Action item
Below are the entries. Transcribe exactly the lines from the one with "Adult Ninja Master Costume" through the one with "矢量中秋用剪纸艺术工艺风格上", ends included, and leave out all others.

Items from a data source
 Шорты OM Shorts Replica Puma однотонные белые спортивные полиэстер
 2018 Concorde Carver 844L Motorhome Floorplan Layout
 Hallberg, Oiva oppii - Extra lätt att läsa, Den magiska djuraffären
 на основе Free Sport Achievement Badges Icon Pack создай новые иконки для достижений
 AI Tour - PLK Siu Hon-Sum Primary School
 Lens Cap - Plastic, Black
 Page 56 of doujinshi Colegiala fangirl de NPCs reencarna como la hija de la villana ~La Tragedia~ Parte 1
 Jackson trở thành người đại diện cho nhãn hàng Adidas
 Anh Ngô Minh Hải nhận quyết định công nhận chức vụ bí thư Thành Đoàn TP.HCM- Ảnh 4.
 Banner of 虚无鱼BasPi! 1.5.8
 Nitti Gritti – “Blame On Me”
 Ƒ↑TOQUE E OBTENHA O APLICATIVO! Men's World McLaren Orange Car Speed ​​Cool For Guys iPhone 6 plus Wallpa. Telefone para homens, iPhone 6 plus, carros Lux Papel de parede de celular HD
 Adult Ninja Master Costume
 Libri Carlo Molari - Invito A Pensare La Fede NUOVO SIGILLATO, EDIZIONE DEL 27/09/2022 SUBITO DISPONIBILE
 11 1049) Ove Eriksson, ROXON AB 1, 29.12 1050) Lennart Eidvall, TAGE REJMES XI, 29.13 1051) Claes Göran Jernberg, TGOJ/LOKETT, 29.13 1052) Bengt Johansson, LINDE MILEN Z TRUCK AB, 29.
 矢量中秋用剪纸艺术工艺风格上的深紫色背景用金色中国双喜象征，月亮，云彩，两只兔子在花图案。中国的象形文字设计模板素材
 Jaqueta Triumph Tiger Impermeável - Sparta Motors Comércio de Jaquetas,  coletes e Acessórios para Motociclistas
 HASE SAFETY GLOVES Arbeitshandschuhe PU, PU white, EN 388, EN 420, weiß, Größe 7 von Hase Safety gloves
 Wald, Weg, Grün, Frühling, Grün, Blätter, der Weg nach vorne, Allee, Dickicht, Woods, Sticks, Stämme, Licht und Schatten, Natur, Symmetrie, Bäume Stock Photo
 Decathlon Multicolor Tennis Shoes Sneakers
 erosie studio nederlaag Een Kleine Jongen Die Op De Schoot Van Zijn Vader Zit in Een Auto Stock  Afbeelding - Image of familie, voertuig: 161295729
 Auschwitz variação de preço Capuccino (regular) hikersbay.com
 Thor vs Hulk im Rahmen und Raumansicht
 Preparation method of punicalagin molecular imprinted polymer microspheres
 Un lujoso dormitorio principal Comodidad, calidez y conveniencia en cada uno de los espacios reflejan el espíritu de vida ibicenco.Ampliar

Your response
 Adult Ninja Master Costume
 Libri Carlo Molari - Invito A Pensare La Fede NUOVO SIGILLATO, EDIZIONE DEL 27/09/2022 SUBITO DISPONIBILE
 11 1049) Ove Eriksson, ROXON AB 1, 29.12 1050) Lennart Eidvall, TAGE REJMES XI, 29.13 1051) Claes Göran Jernberg, TGOJ/LOKETT, 29.13 1052) Bengt Johansson, LINDE MILEN Z TRUCK AB, 29.
 矢量中秋用剪纸艺术工艺风格上的深紫色背景用金色中国双喜象征，月亮，云彩，两只兔子在花图案。中国的象形文字设计模板素材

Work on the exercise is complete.